Active Directory Home Lab — Windows Server 2022
Overview
Built a Windows Server 2022 domain controller from scratch and designed an enterprise-scale Active Directory structure with multi-region OUs, departmental access groupings, and least-privilege object organization. Configured AD DS and DNS roles, provisioned users, security groups, and computer objects across USA, Europe, and Asia regions, and verified the full domain configuration via PowerShell and Server Manager.
Objective
Deploy a functional Windows domain and implement a scalable OU structure that enforces least-privilege access control across enterprise user, group, and computer objects.
Tools Used
- Windows Server 2022
- Active Directory Domain Services (AD DS)
- DNS Server role
- Active Directory Users and Computers (ADUC)
- PowerShell
- Server Manager
What I Did
- Installed Windows Server 2022 and promoted it to Domain Controller with AD DS and DNS roles
- Renamed the server to
LAB-DC01and verified hostname via PowerShell - Designed a three-region OU hierarchy: USA, Europe, Asia
- Created departmental sub-OUs within each region: IT, HR, Accounting, Sales, Management
- Provisioned user accounts and security groups organized by department
- Created computer and server objects using an enterprise-consistent naming convention
- Confirmed all roles active and healthy through Server Manager dashboards
Evidence / Findings
Domain Controller promotion confirmed
Server Manager confirms AD DS and DNS roles installed and running on LAB-DC01.
Multi-region OU structure
ADUC view showing USA, Europe, and Asia OUs with departmental sub-OUs nested within each region.
Users and security groups
User accounts and security groups populated per department, structured for role-based access control.
Computer objects
Computer objects created with a consistent naming convention across regions.
DNS role confirmation
DNS Server role confirmed active — domain name resolution operational.
Hostname verification
PowerShell output confirming server hostname matches the domain controller designation.
Outcome / Recommendations
The domain is fully functional and structured for least-privilege administration.
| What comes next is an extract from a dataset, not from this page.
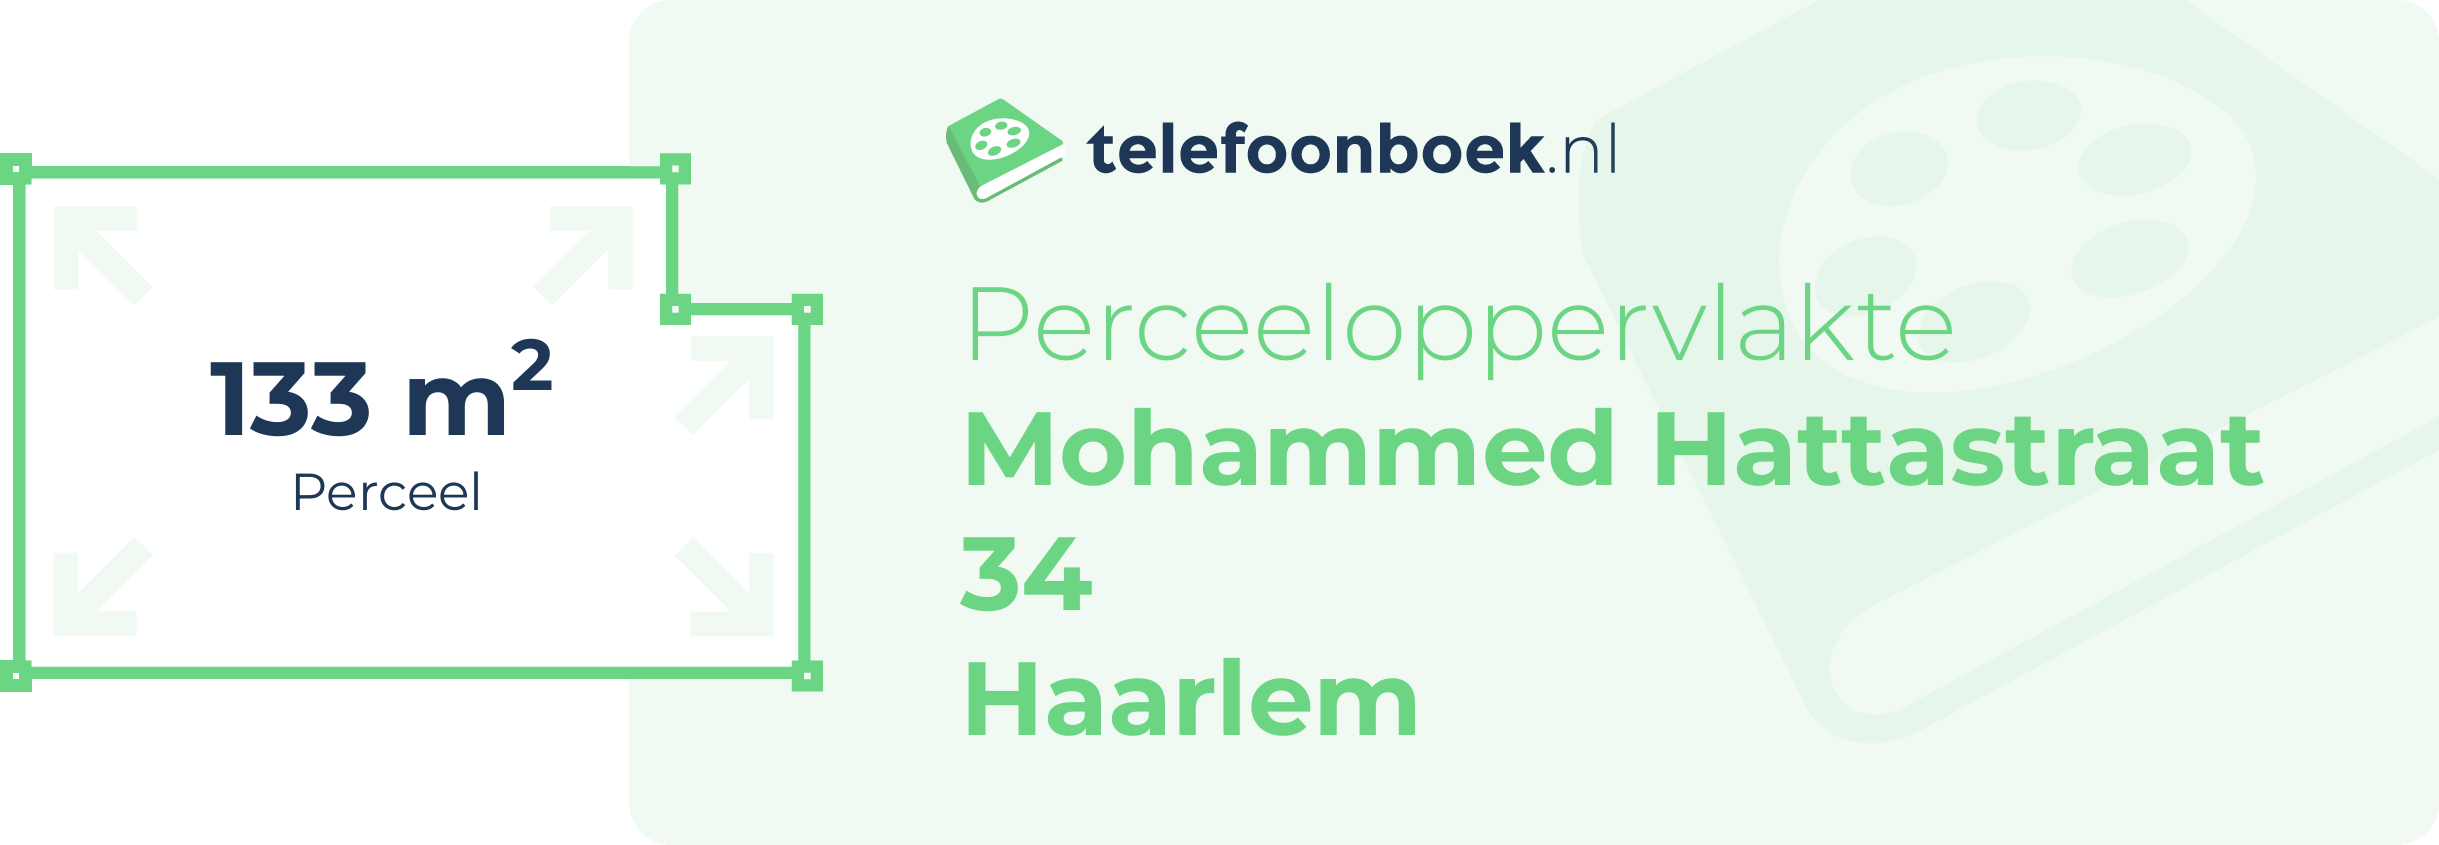 Perceeloppervlakte Mohammed Hattastraat 34 Haarlem

The OU hierarchy isolates administrative scope by region and department, enabling Group Policy Objects (GPOs) to be applied at a granular level without over-permissioning. Next steps would include implementing GPOs for password policy enforcement, account lockout thresholds, and privileged account restrictions — controls directly relevant to reducing lateral movement and privilege escalation risk in enterprise environments.